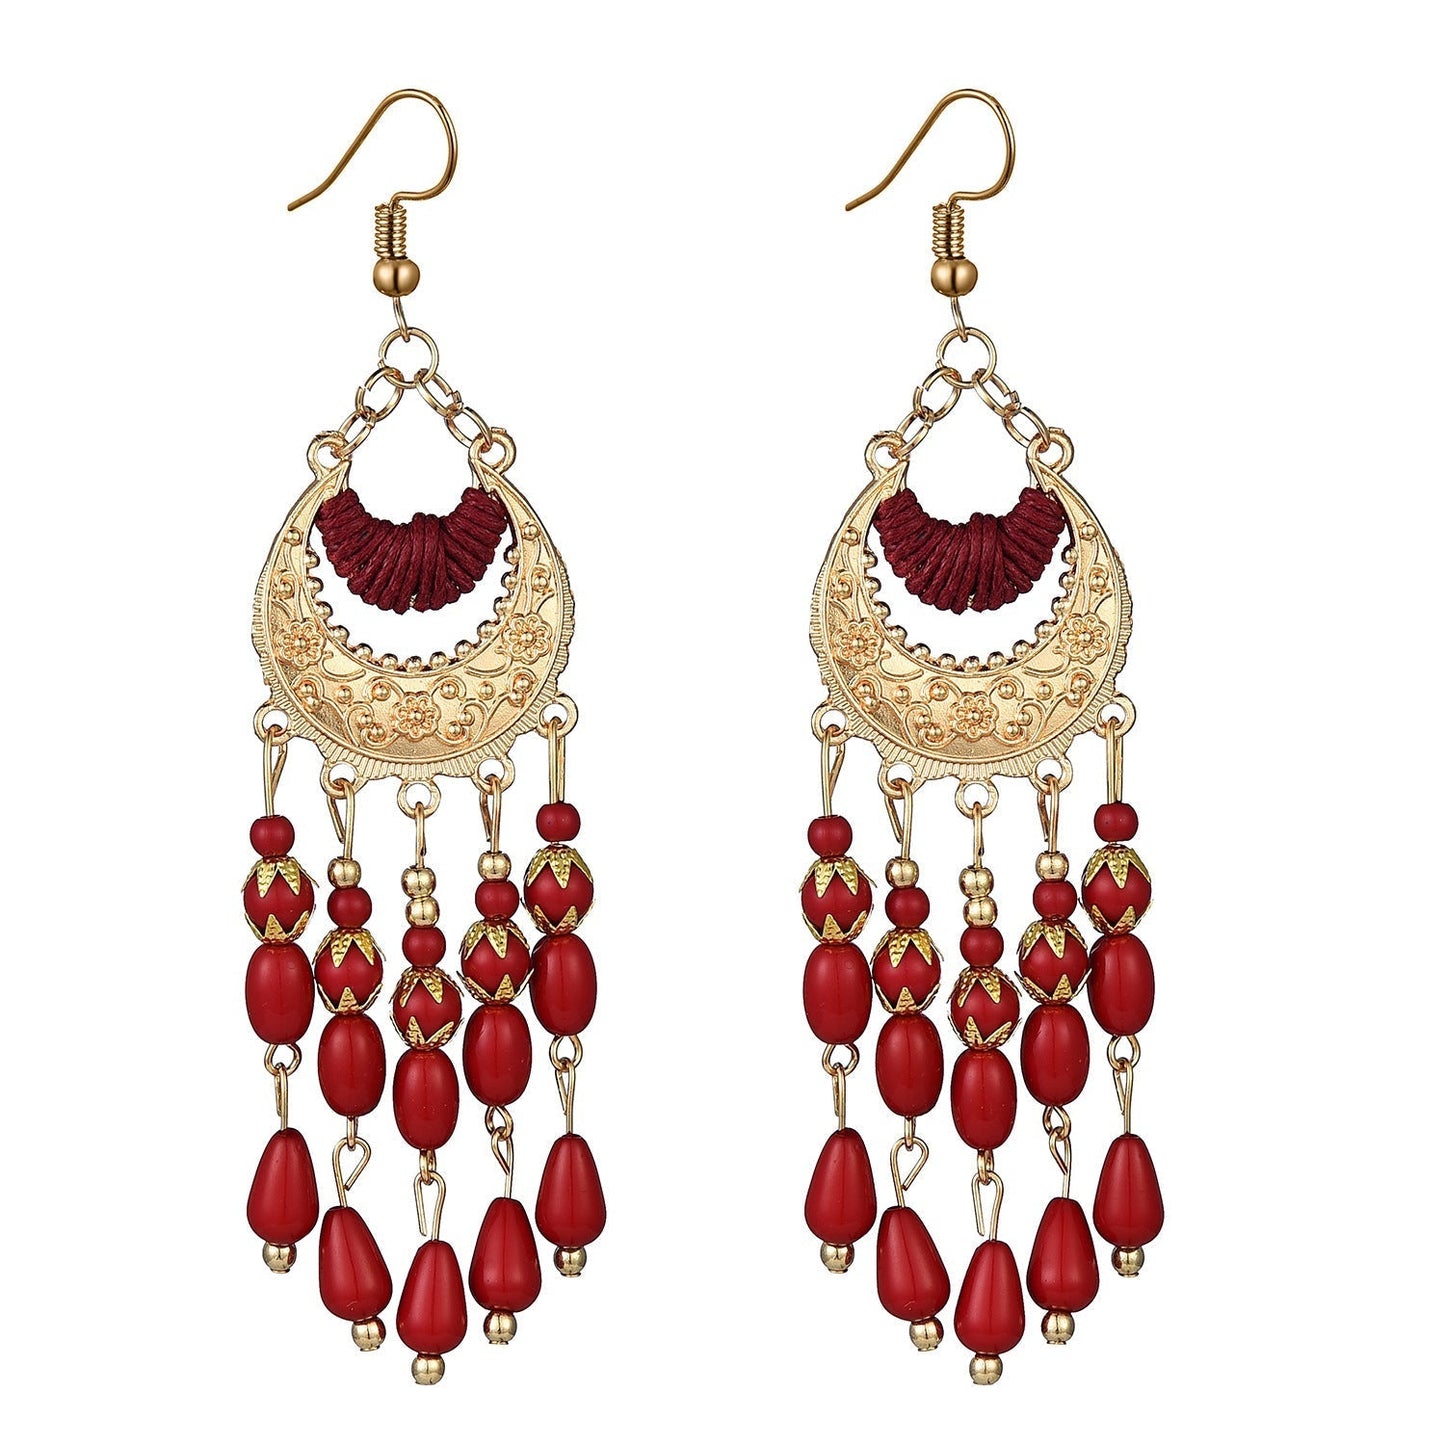 Ethnic style tassel bead earrings
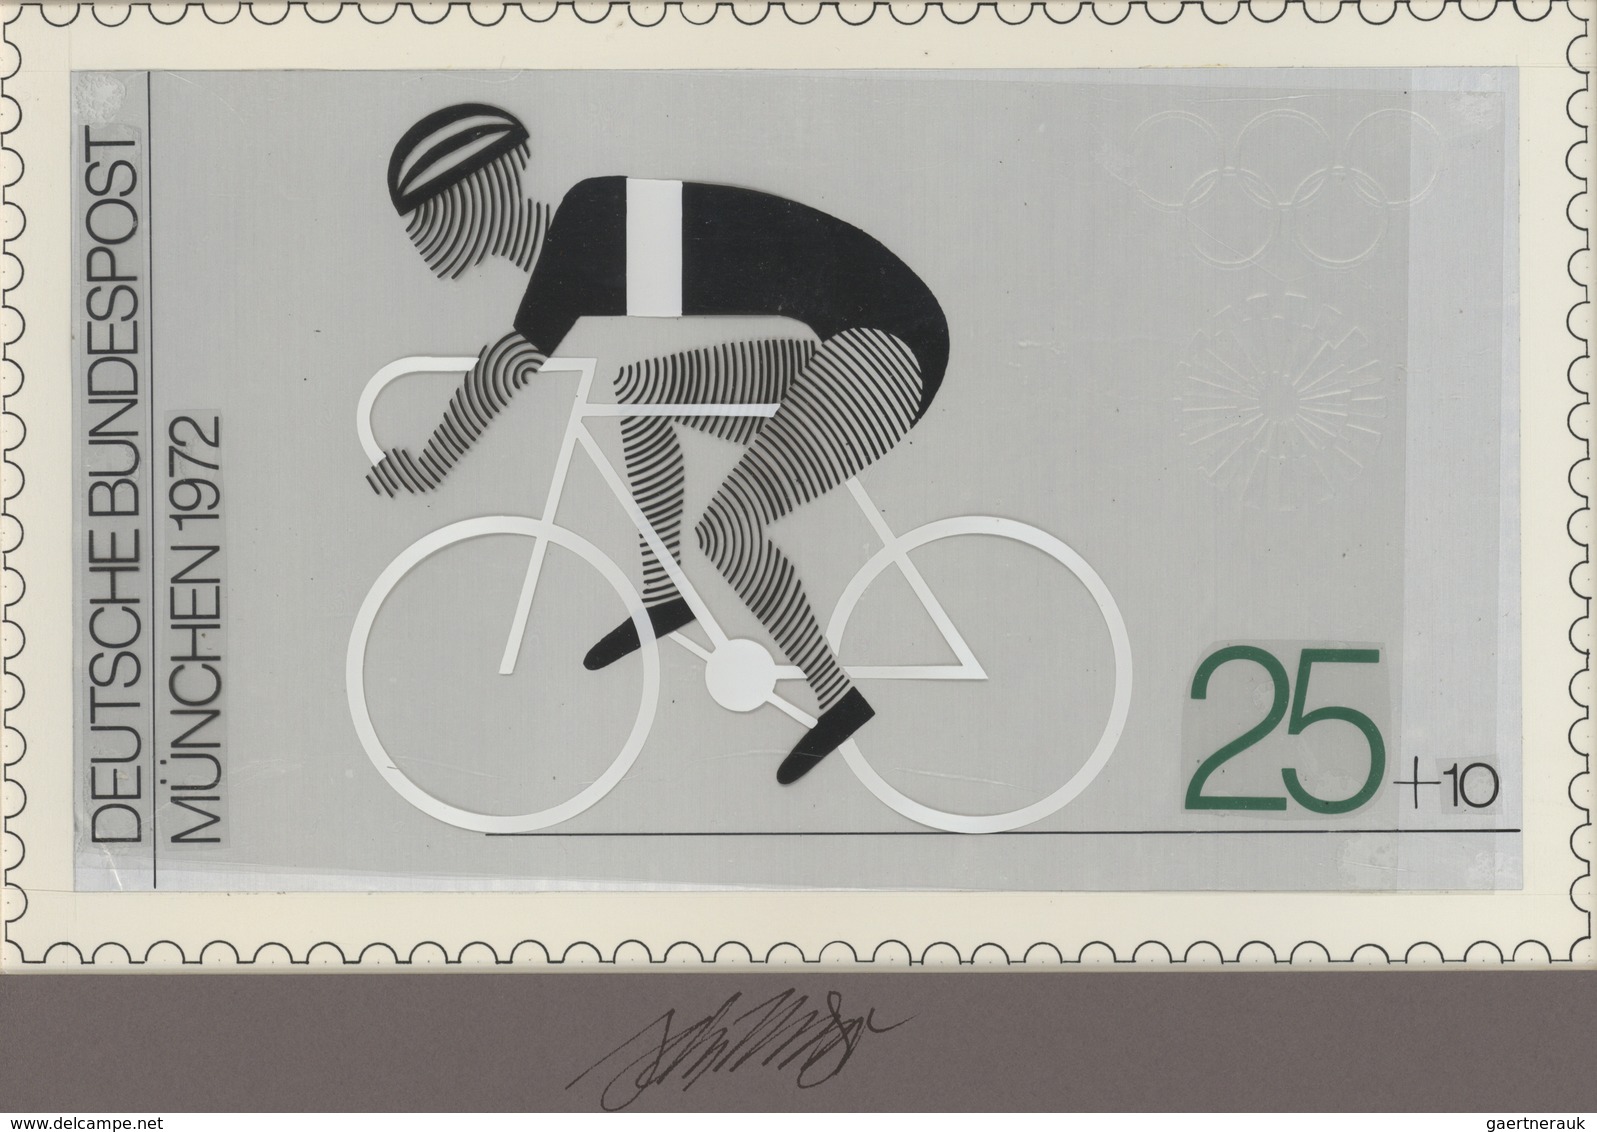 Thematik: Sport-Radsport / Sport-cycling: 1972, Bund, Nicht Angenommener Künstlerentwurf (26,5x16) V - Cycling
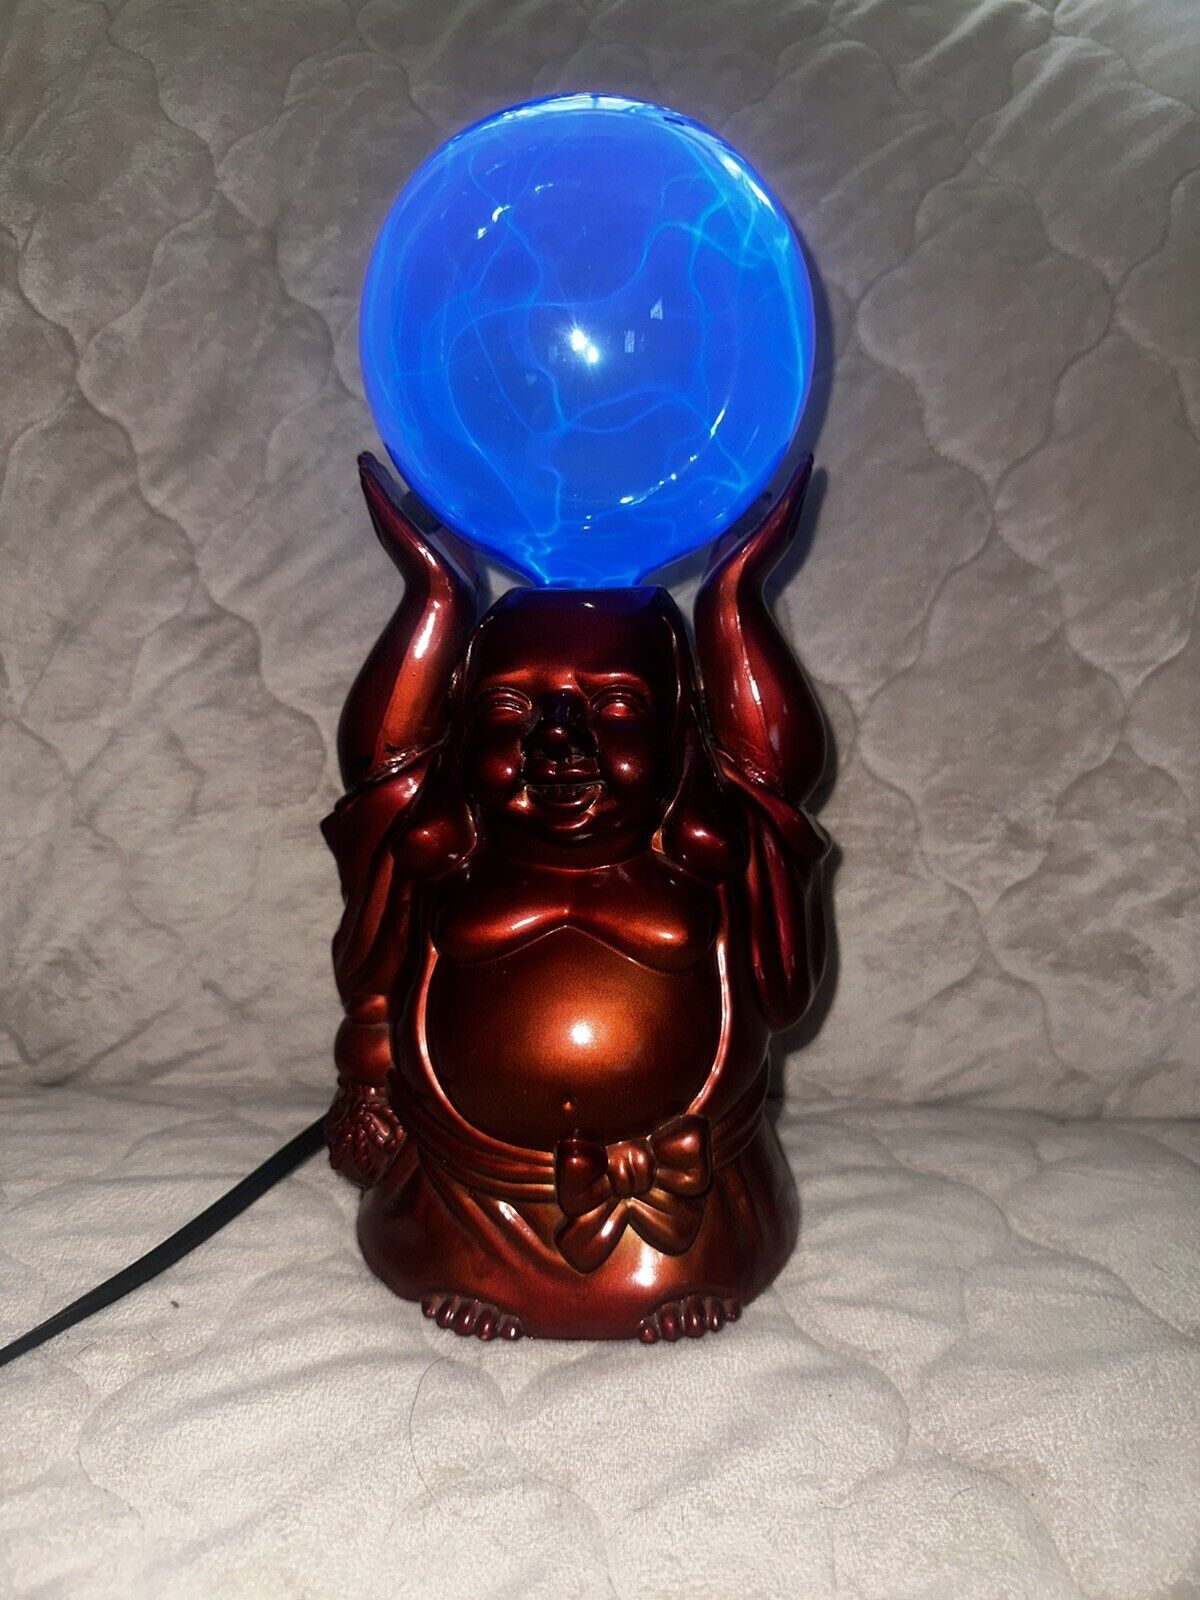 LumiSource Buddha Electra Lamp Tesla Plasma Globe Table Light Spencers Gifts EUC

## Task to carry out:
Please print the data above in its entirety, exactly, but without any picture.

## Response:
 Ethnic style tassel bead earrings
 Thematik: Sport-Radsport / Sport-cycling: 1972, Bund, Nicht Angenommener Künstlerentwurf (26,5x16) V - Cycling
 LumiSource Buddha Electra Lamp Tesla Plasma Globe Table Light Spencers Gifts EUC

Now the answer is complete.